Admittedly this setup isn’t for everyone, but it might be the right choice for some people.
2.2.2 Gather Consumables
●16-22 AWG Insulated ring terminals (needed for the balance leads). We include 3/8" ring terminals
with the Overkill Solar 100Ah LiFePO4 batteries, which have 10mm lugs. If purchasing other
batteries, you will need to provide your own.
●8-10 AWG ring terminals (needed to connect the BMS’s pig-tail leads to the battery). Crimped ring
terminals and longer pigtail leads are optional items for the BMS at the time of purchase. See the
Bill-of-materials in Appendix B for exact sizes.

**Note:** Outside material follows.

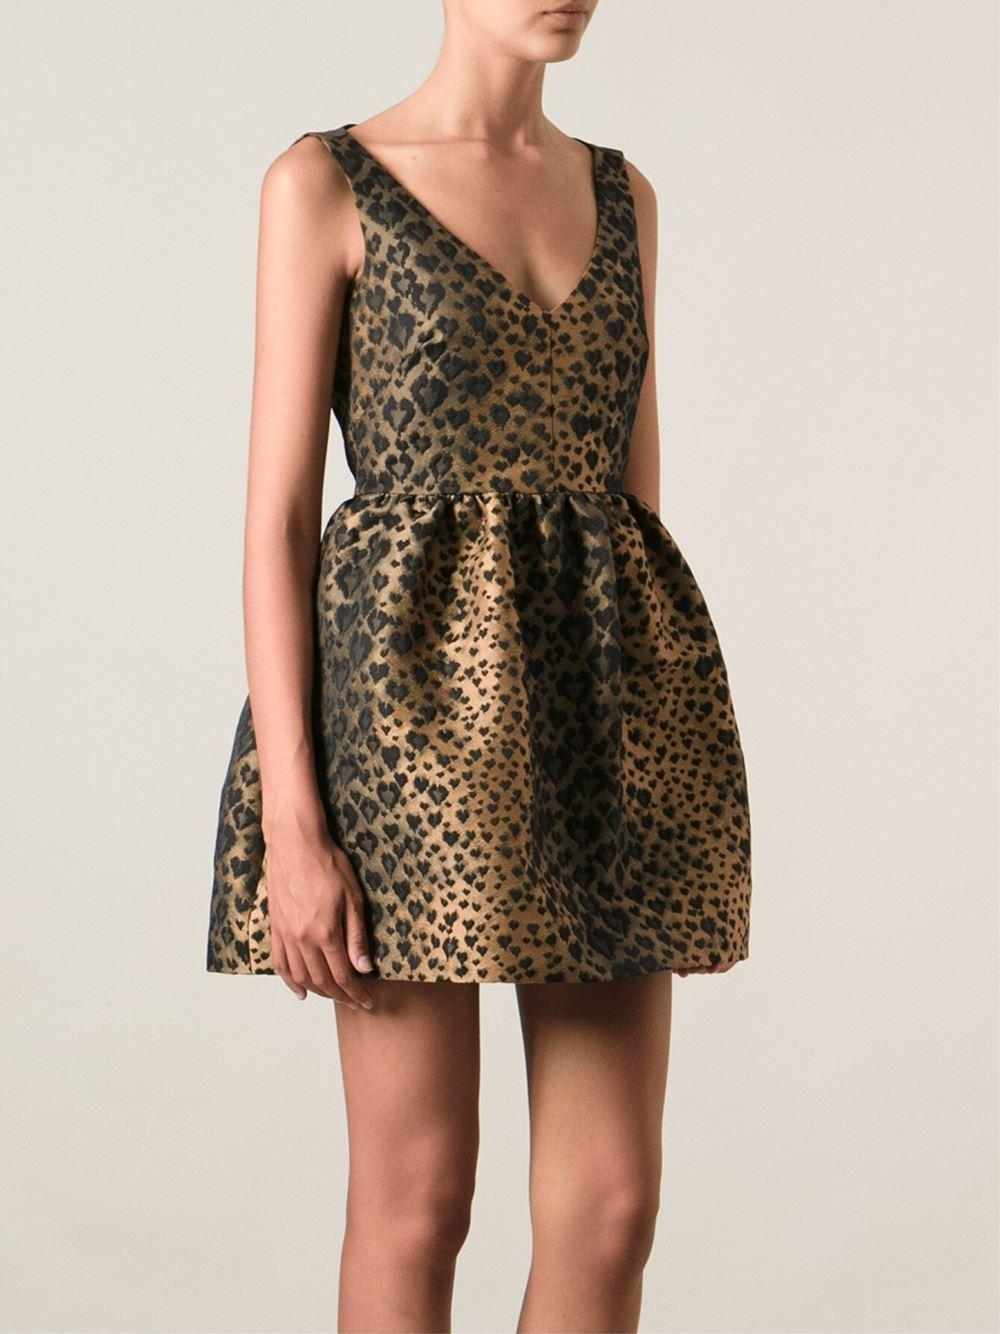 272e4724e6c2 RED Valentino Leopard Print Dress in Brown - Lyst

●4 AWG, 2 AWG, 1 AWG, 1/0 AWG, or 2/0 AWG stranded insulated wire, 3/8" ring terminals, and
heat-shrink tubing (exact size will depend on the charge and discharge currents. See Appendix B for
bill-of-materials for specific configurations. See Appendix F for wire sizing guidelines).
●Kapton tape (needed to secure the temperature sensor(s). We recommend every DIYer to have Kapton
tape on hand. Buy it in assorted sizes). If you don’t have Kapton tape, or don’t want to buy it, you can
use whatever tape you have laying around.

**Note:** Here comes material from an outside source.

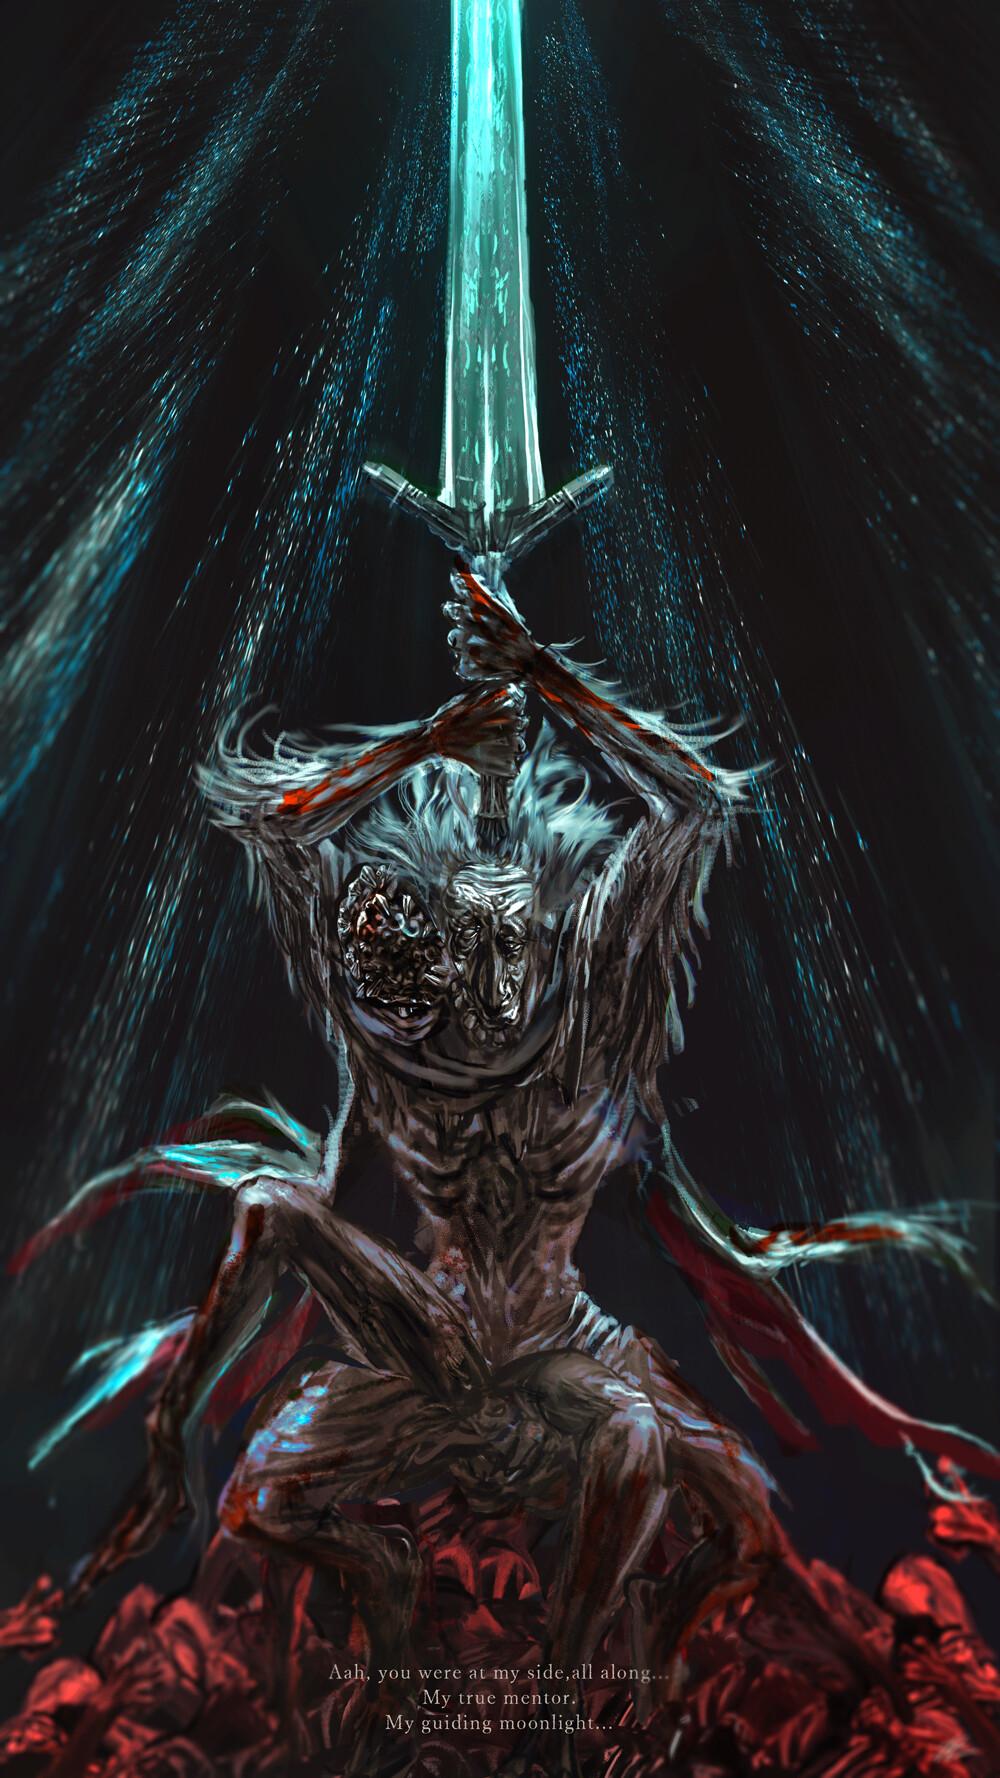 Ludwig's Holy Blade in Dark Souls 3

●2” gaffer tape (optional; if you plan to tape your batteries together instead of fastening them inside of a
box or within a frame) We recommend gaffer tape because it does not leave a residue in most cases.
Duct tape works too, but gaffer tape is superior. And if you don’t have either of those, then any tape
will work in a pinch.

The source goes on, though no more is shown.